**Collected material:**
════════════════

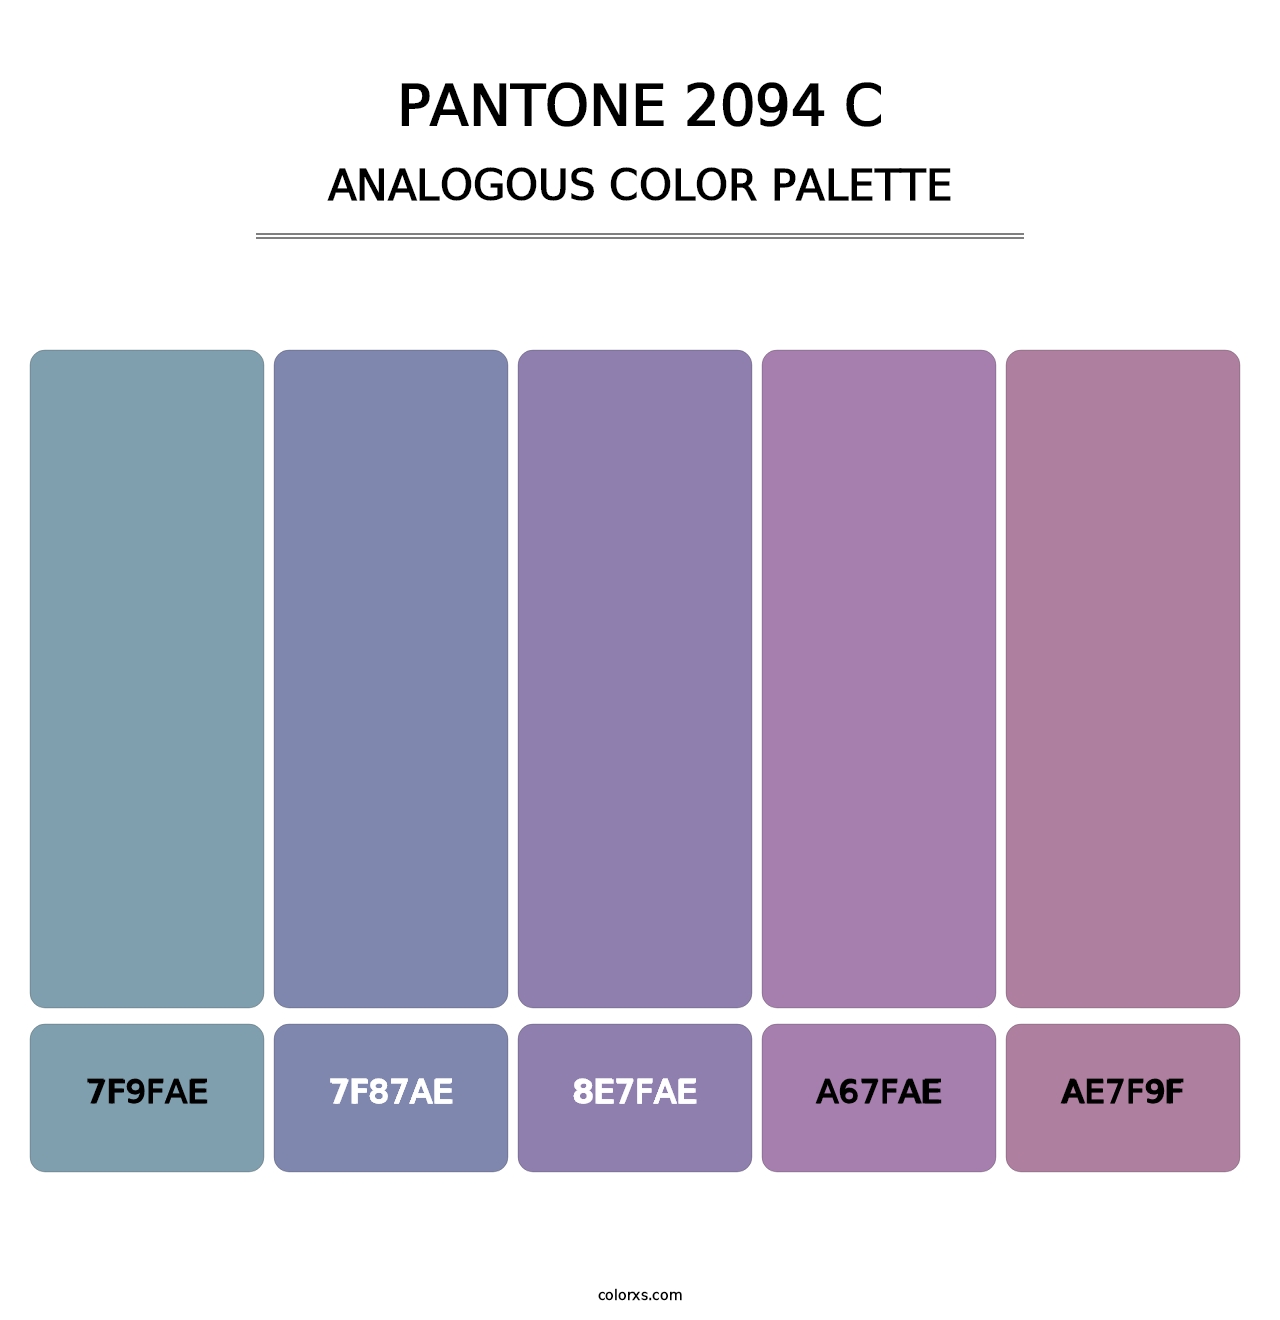 PANTONE 2094 C - Analogous Color Palette
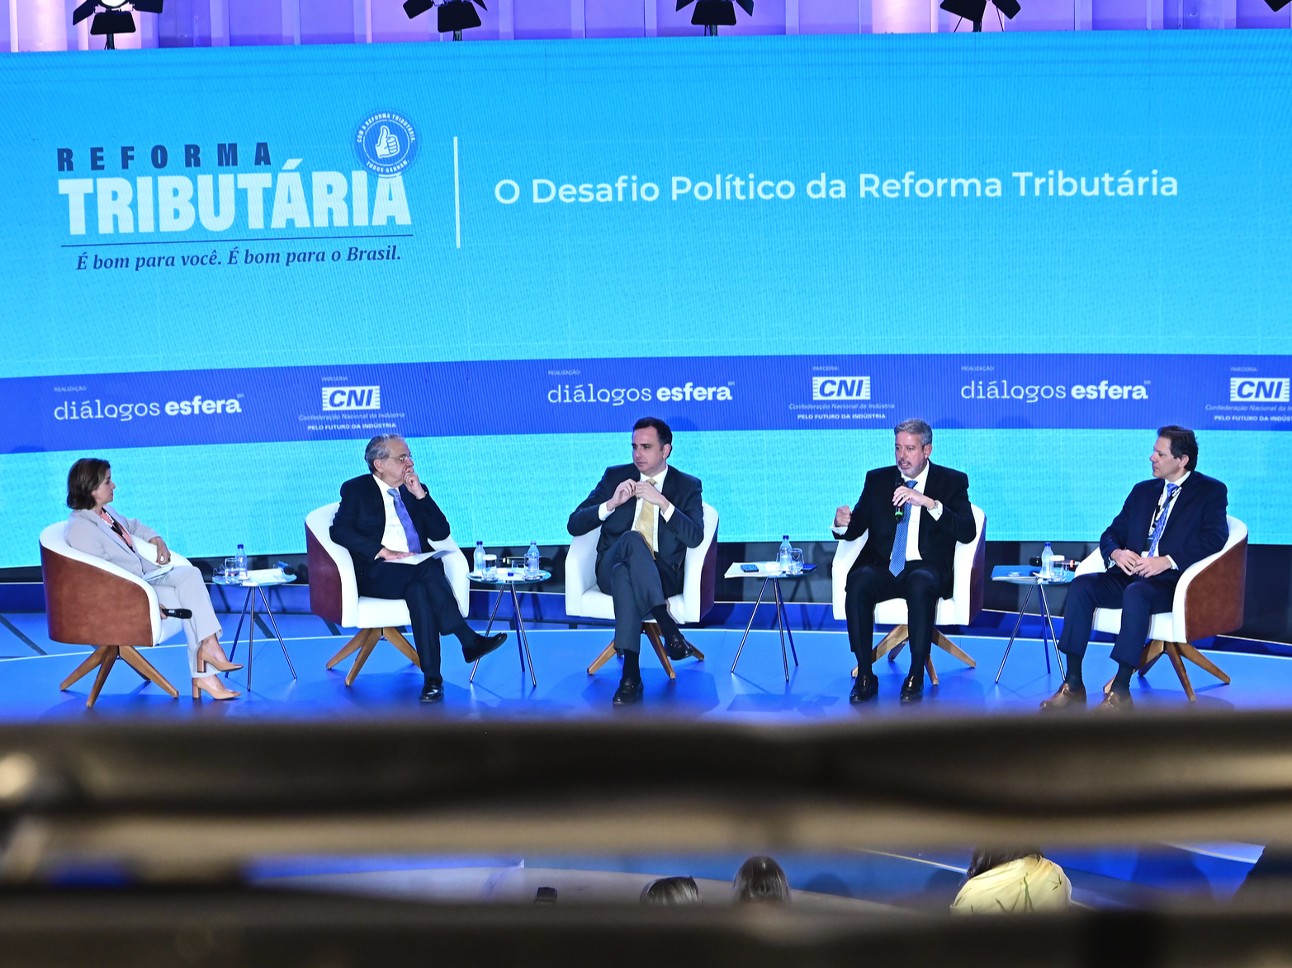 Seminário Desafios da Política Externa Brasileira - Brasília
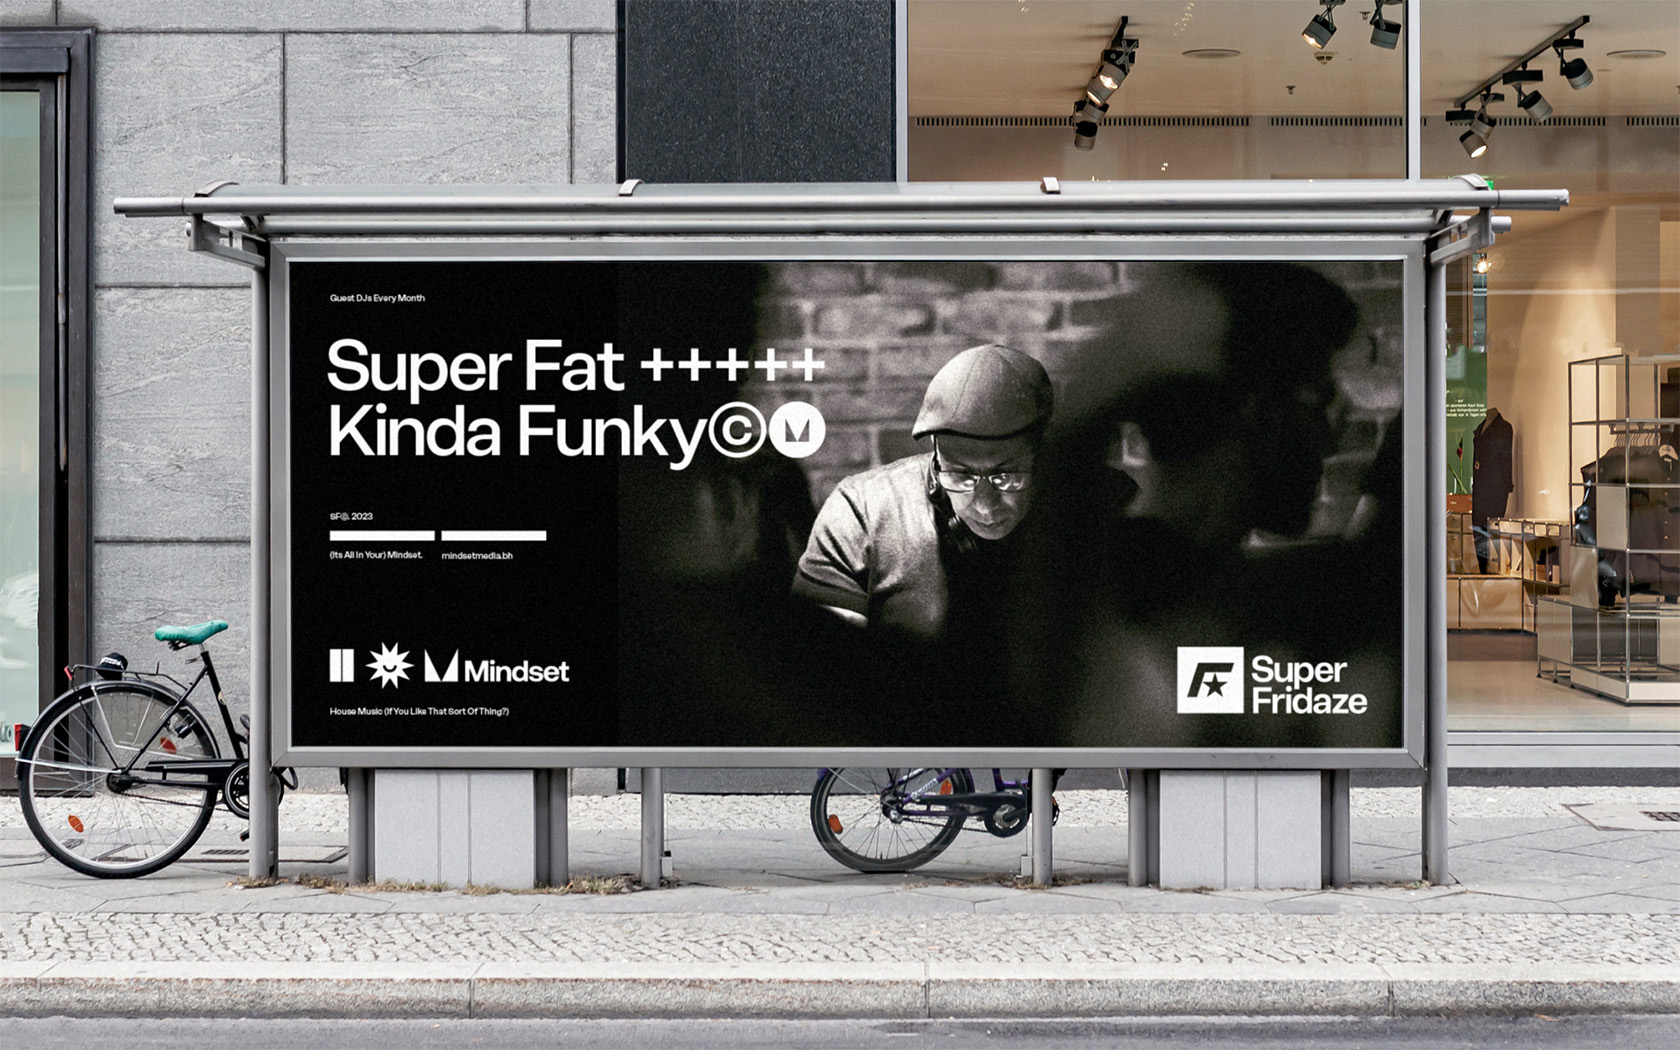 Super Fridaze. Billboard example
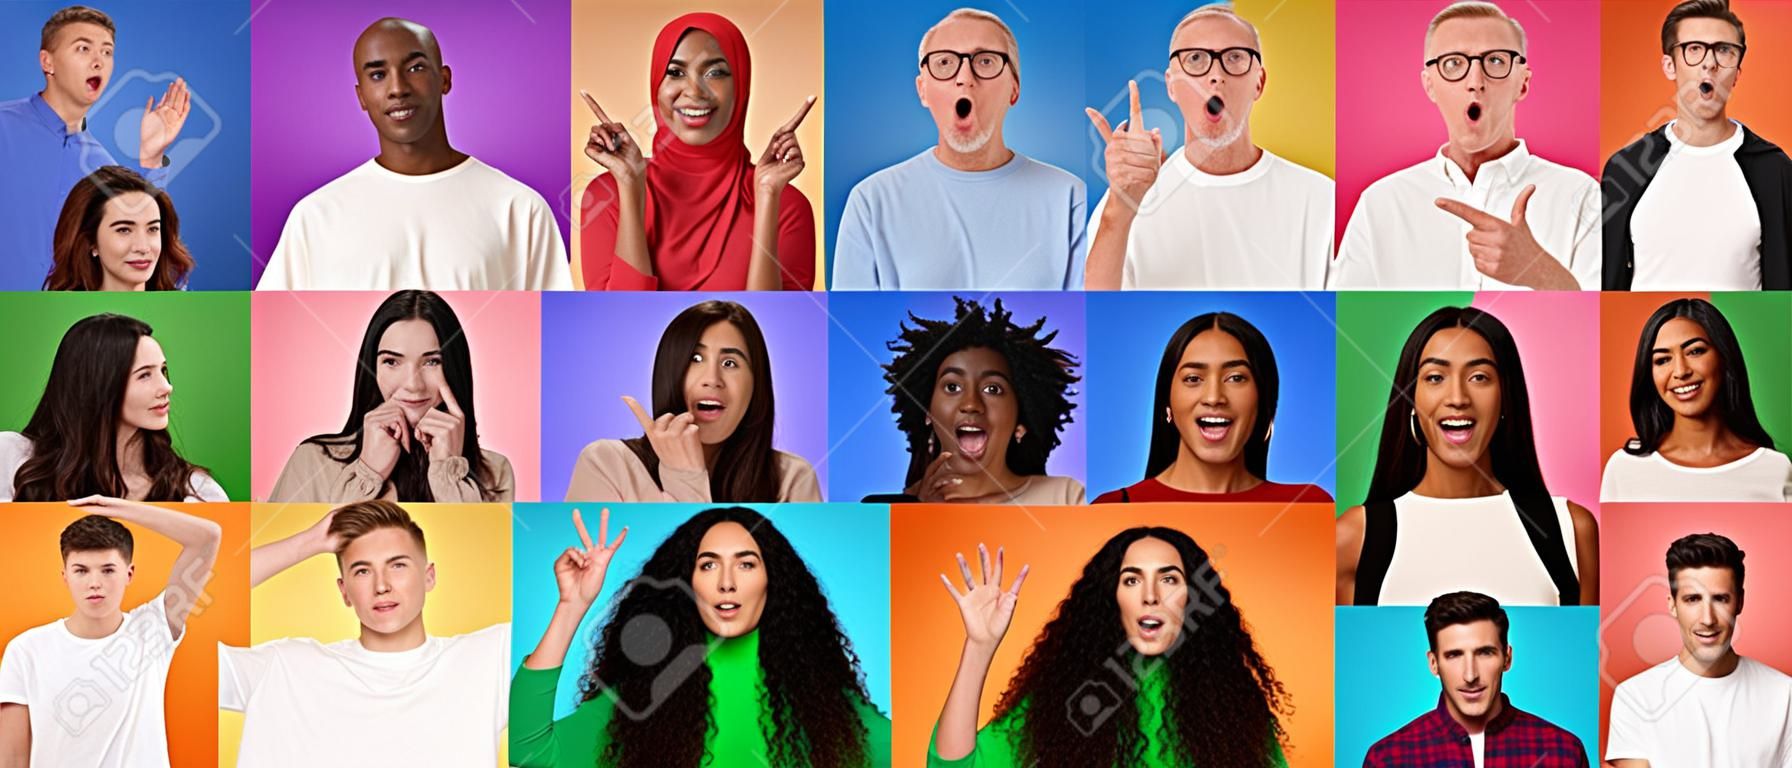 Des personnes d'âge et d'origine ethnique différentes exprimant diverses émotions sur des arrière-plans colorés

════════════════

Write out the material above precisely, leaving each picture behind.

**Solution below:**
 PANTONE 2094 C - Analogous Color Palette
 Seminário Desafios da Política Externa Brasileira - Brasília
 Super Fridaze. Billboard example
 Des personnes d'âge et d'origine ethnique différentes exprimant diverses émotions sur des arrière-plans colorés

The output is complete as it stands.